The concept itself is mechanical; the glory is in the execution. The quotation at the beginning of the story is from Schopenhauer: “All man’s religion and metaphysics is the language of his glands.” The tyranny of instinct (specifically, sexual instinct) and our enslavement to it is one of Tiptree’s themes (“A Momentary Taste of Being,” “Your Haploid Heart,” “Love Is The Plan, The Plan Is Death,” “And I Awoke and Found Me Here On the Cold Hill’s Side”) and she delineates with painful clarity how beautiful, how compelling, instinct seems when we succumb to it. “Painful” clarity because she was clearly not someone who privileged the “natural” or took refuge in the idea that instinct was given us by a merciful God to show us the path. On the contrary, God’s will may just be the pretty embroidery we create around what we’re already drawn to do by our self-interested DNA. She ran a cold-eyed, investigative stare over the whole process, with a logic that leaves you more uncomfortable when you finish one of her stories than when you picked it up.*
In “The Screwfly Solution,” new religions spring up built around misogyny; women are the dirty, wrong, evil part of the human race that God wants gone. When a young soldier has this explained to him — by the person who killed the woman who was with him — he’s deeply moved, and later says, “It’s like he was my father; I can’t explain it better than that.” You have to think it must also feel right and good when the female preying mantis snaps the head off her mate — that if mantises were intelligent, that would probably be a sacred moment. Because if something feels deeply meaningful, it must be deeply meaningful, right? Ha, ha, human race. Not in Tiptreeland.
(By the way, one of Tiptree’s other major themes is the need for kindness. Of course there’s a need for it, in the universe as she presents it. Whenever I re-read her, I’m struck by how the two authors I consider most insightful are so completely different. Surely I can’t think both Tiptree and Austen are right about the world? And yet I do.)
But back to Khair Khana. I wasn’t reminded of “Screwfly” simply from the Taliban’s misogyny. It was the transformation of the familiar world — the same sort of thing that gives, say, zombie movies their power. The idea that you could be walking peacefully down the street in front of your house, and suddenly a group of apparently normal people will rush toward you and try to chomp out your intestines — or rush toward you with nightsticks and begin shouting abuse because you spoke too loudly or your clothes rustled when you walked. (Indeed, this was one of the hallmarks of the Taliban’s religious police– they were unpredictable. It wasn’t enough to wear a chadri or be accompanied by a male relative or refrain from addressing men. There was no moment of safety.)

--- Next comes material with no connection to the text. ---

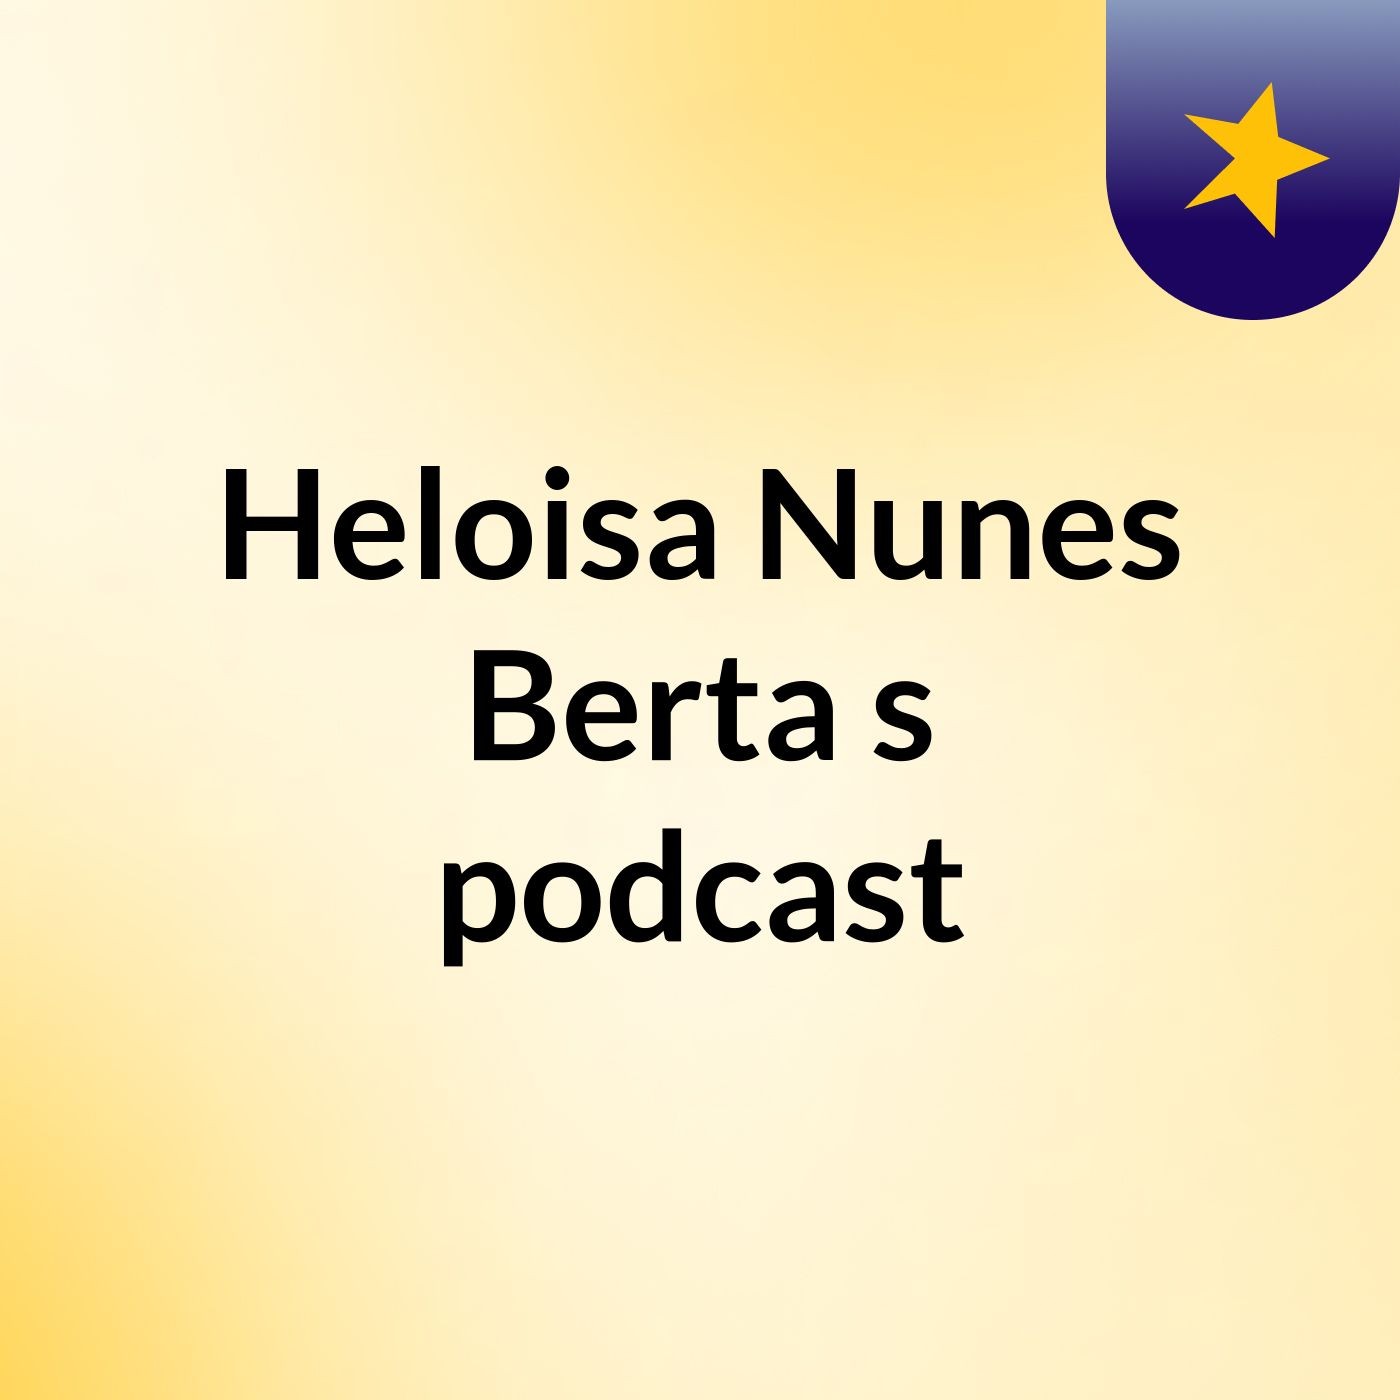 Heloisa Nunes Berta's podcast

When Kamila walks the streets of Kabul, she wears baggy clothes under her chadri. She goes carefully. She makes sure to have her younger brother with her when she can, and to have a story ready. To take the back streets. To not engage notice.
It’s a new world. And it happened quickly. Just like in zombie movies.
I remember when “Screwfly Solution” was published, and the author was accused of being a paranoid feminist with an ax to grind. I thought, “You’re missing the point of the story! It’s not a prediction. It’s not about villains, either.” And it’s still not a prediction, but I never thought that a couple of decades later I’d find eerie similarities. That damned Tiptree was just too good in working out details.
So: The Dressmaker of Khair Khana. I’d feel better if it were science fiction.
* And if you find this view of life as disquieting as I do, you may also enjoy this story by Seth Fried.